Efficiently Sharing RTSP Streams Across Multiple DeepStream Pipelines for Different Analytics Use Cases

Hi team,

I’m currently working on an NVIDIA L40 server with the following specs:

  • GPU: NVIDIA L40 with 32 GB VRAM
  • CPU: 32-core processor
  • Software: DeepStream SDK (Python-based pipelines) on Ubuntu
  • ** Deepstream 6.4**

✅ Use Case

We are building real-time video analytics pipelines using NVIDIA DeepStream for different use cases like:

  • People detection
  • Vehicle detection
  • Helmet compliance
  • Face monitoring
    …all from the same camera feed.

So far, things are working well. But now I’ve hit a major architectural constraint:


⚠️ Challenge

Previously, we were using the same RTSP camera stream multiple times across different pipelines (e.g., once in a vehicle pipeline, once in a helmet pipeline).

However, I am now required to:

  • Access each camera stream only once (due to network policies and camera load)
  • Run multiple types of inference from the same stream
  • Keep each use case modular and separate, ideally in different DeepStream pipelines or servers

🔍 What I’m Exploring

To solve this, I am thinking of implementing:

  1. A streaming server that pulls each RTSP stream only once
  2. It then distributes the decoded frames to multiple DeepStream pipelines (for people, vehicle, helmet, etc.)
  3. Each pipeline performs its own inference independently

I would love some guidance on:

  • Best practices to share decoded frames across pipelines
  • Whether using appsrc + nvstreammux in receiving pipelines is the right approach
  • Efficient inter-process transport (e.g., ZeroMQ, shared memory, or nvbuf sharing?)
  • Any NVIDIA-recommended architecture for this use case

Can someone from the NVIDIA team or community guide me:

  • On how to architect this correctly?
  • If NVIDIA provides utilities or SDK features to help distribute decoded frames to multiple DeepStream pipelines efficiently?
  • How to maintain batching and inference acceleration while avoiding redundant decoding?
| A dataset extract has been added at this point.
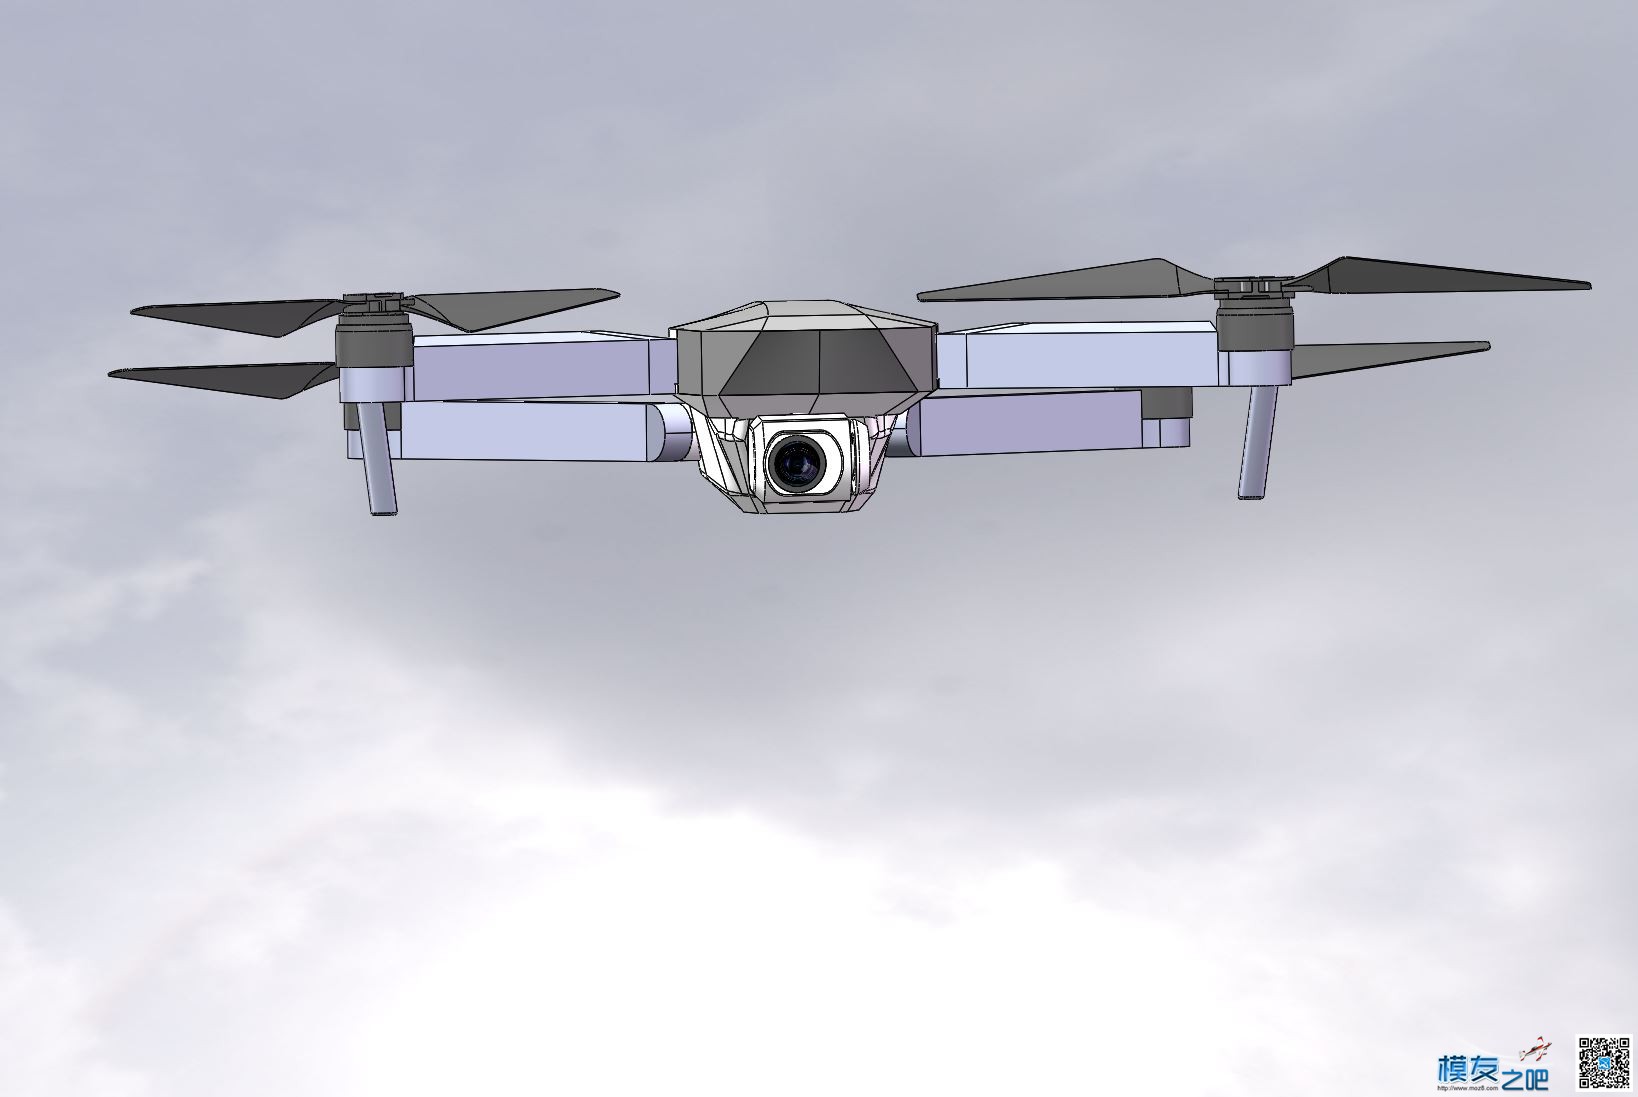 自制大疆mavic折叠无人机 全新设计 慢更 无人机,穿越机,电池,云台,图传 作者:zoney 9232

Thanks in advance! Any sample references or architecture diagrams would be highly appreciated.

If there is only one process, please refer to NV ready-made sample deepstream_parallel_inference_app, as the graph in the readme shown, every source is decoded only once, then the decoded frame can be sent to many inference branch with nvstreammux, tee, nvstreamdemux plugin.
If there are mnay inference pipeline, please refer to NV ready-made sample /opt/nvidia/deepstream/deepstream/sources/apps/sample_apps/deepstream-ipc-test, which only supports Jetson currently. this sample shares decoded buffers over IPC.

could you use a diagram to share what do want? such as how many devices? how many processes? what is the complete pipeline?